О нет, не все; а подтвержденье — рядом,
От чайной до причала — сто шагов.
«Но кули спят, им ни к чему уловки,
А что поэт? Покорен ли судьбе?»
Нет, не сильней, чем висельник — веревки,
Поэты жаждут милости к себе.
И тот, кто приглядится из вселенной,
Увидит, что в трудах различья нет:
Из трюма груз выносит раб согбенный,
Из тишины выносит звук — поэт.
Для них в одном спасенье и порука:
Да будет ровен такт и верен счет, —
Ведь рухнет кули, не услышав стука,
Утратив ритм, поэт с ума сойдет.
Однако сном ли, нищим ли обедом,
Но все же обрываем труд раба, —
И лишь поэту перерыв неведом:
Всечасна мука, такова судьба.
Вовек не знает он труда иного,
Беснуется в объятьях немоты,
Но тяжко тащит в жизнь за словом слово:
Единый ритм — до гробовой плиты.
Портовые города
Лишь гавань моряку верна.
Мир слишком зыбок и нетверд.
Обманет друг, солжет жена,
И не изменит только порт.
У многих семьи там, вдали,
В тумане, где-то за кормой, —
Но этот слабый зов земли
К беде ведет, а не домой.
В любом порту найдется дом,
Где я посплю на берегу:
Валюты, нажитой с трудом,
Я в эту ночь не берегу.
Про деньги позабуду я,
Чуть окажусь на корабле.
Лишь города — мои друзья —
Опять зовут меня к земле.
Шанхай, зловонный, гордый порт,
Гонконг, одетый сединой,
Рейкьявика холодный фьорд,
И Рио — рай, вполне земной.
И Порт-Саид — столица шлюх.
И Йокогамы грозный рок,
И Сингапура тяжкий дух,
И вжатый в лед Владивосток.
Буэнос-Айрес — парапет
С концами неизвестно где,
И нефти неизбежный след
Близ Байя-Бланки на воде.
Джибути — коль не боязлив,
Сойди да заживо растай;
Ханчжоу, спрятанный в залив, —
Врата, ведущие в Китай.
Перт, Брисбен — в сумраке, в дыму
Они живут во мне, как стая, —
Пока другие за корму
Глядят, остатки дней считая.
Предел терпения
Как долго длится день на корабле:
Дробится в море солнце, как в стекле,
Слой низких туч, прорвавшись, допустил
Лучи на грязный палубный настил.
Тягуч и долог день на корабле,
Закроешь дверь — но и в каютной мгле,
Пробьется луч меж саржевых гардин
Прольет на фотографию кармин.
Задремлешь ли в каюте, налитой
До потолка — полдневной духотой?
Ударят склянки — только в их числе
Струится время здесь, на корабле.
На вахте ночью отстоять не трудно:
Глядишь, мигнет вдали другое судно,
Днем — ты у вечной мысли в кабале:
Как много тросов здесь, на корабле!
Закрыть глаза, да не смотреть бы косо,
Не подбирать бы ни крюка, ни троса,
Да нет: поди, не думай о петле
В тягучий, долгий день на корабле.
Корабль дураков
Средь моря наше призрачное судно
в тумане заблудилось.
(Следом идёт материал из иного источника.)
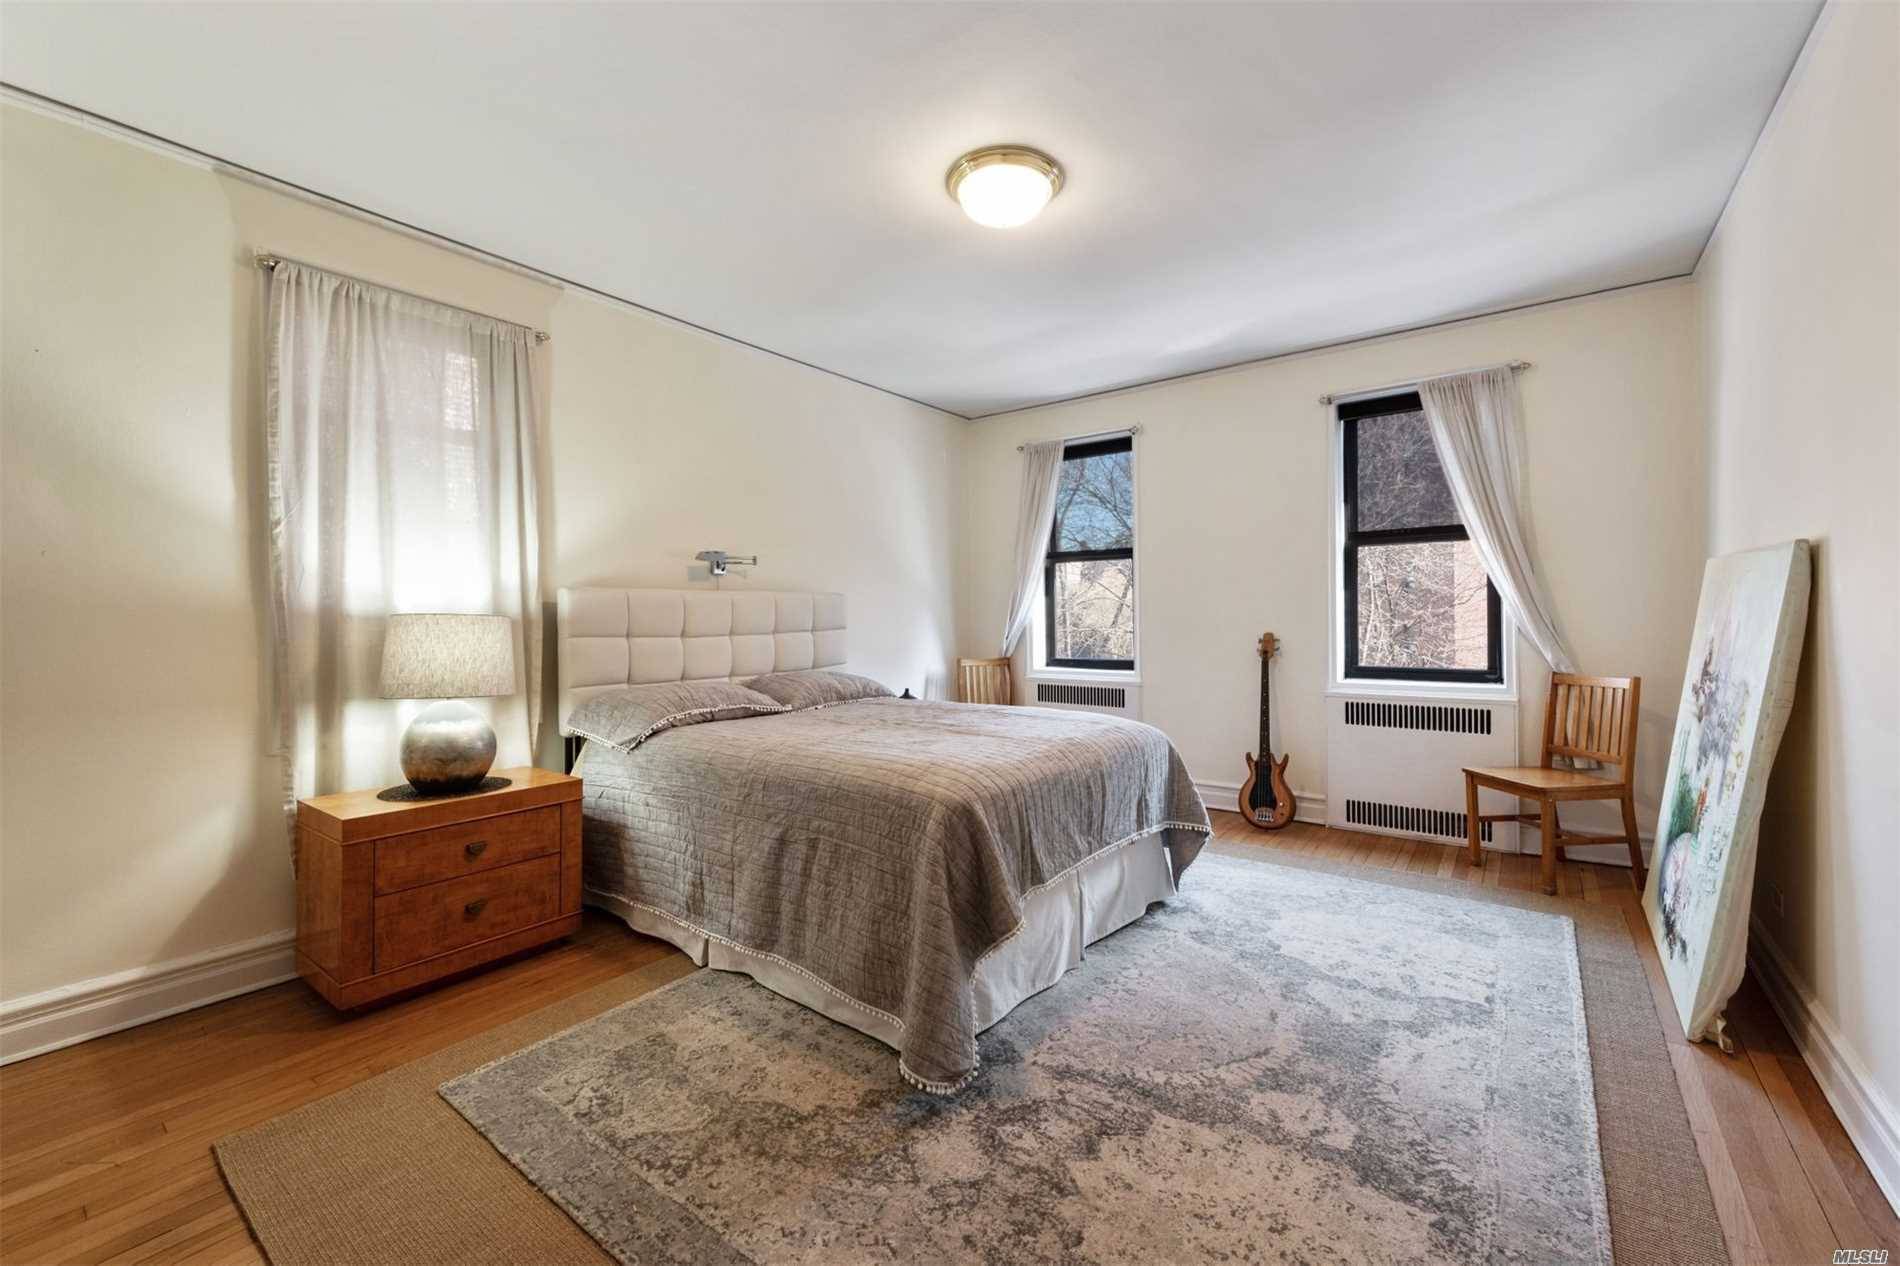 This corner one bedroom apartment which faces predominantly east but has northern exposure as well, has oversized rooms often found in buildings of this era.

С этих пор
Мы поняли, что разум — сущий вздор,
что вспоминать о прошлом безрассудно.
Да что там смерть — игра пошла почище:
мы бесконечный завели картеж,
еще у нас имелся табачище
убийственный, затянешься — уснешь.
И женщина, которая хотела,
чтоб очередью и по доброй воле
мы шли на зов ее нагого тела —
как соблюдали вахту мы дотоле.
Картографической татуировкой
Весь торс ее сверкал и напрягался, —
она сердилась, если мы неловко
не совершали выгодного галса.
Две глобуса разъятых половинки
ее грудей являла нагота;
поверх сосков, студеных, словно льдинки,
всегда была в снегу ее фата.
Но, повторяя путь по многу раз,
ее пресытить мы бессильны были, —
и в ярости она честила нас:
«Нет, не во мне вам место, а в могиле!»
Мы ухмылялись. «Вправду, Мессалина.
В могилку хочет гвардия твоя,
но нас не примут ни песок, ни глина —
придется быть добычей воронья!»
И был таков ее ответ на шутки:
«Уж я-то знаю — есть мужик могутный,
как раз погостный сторож; так что — дудки!
Ловите ветер, сволочи, попутный!»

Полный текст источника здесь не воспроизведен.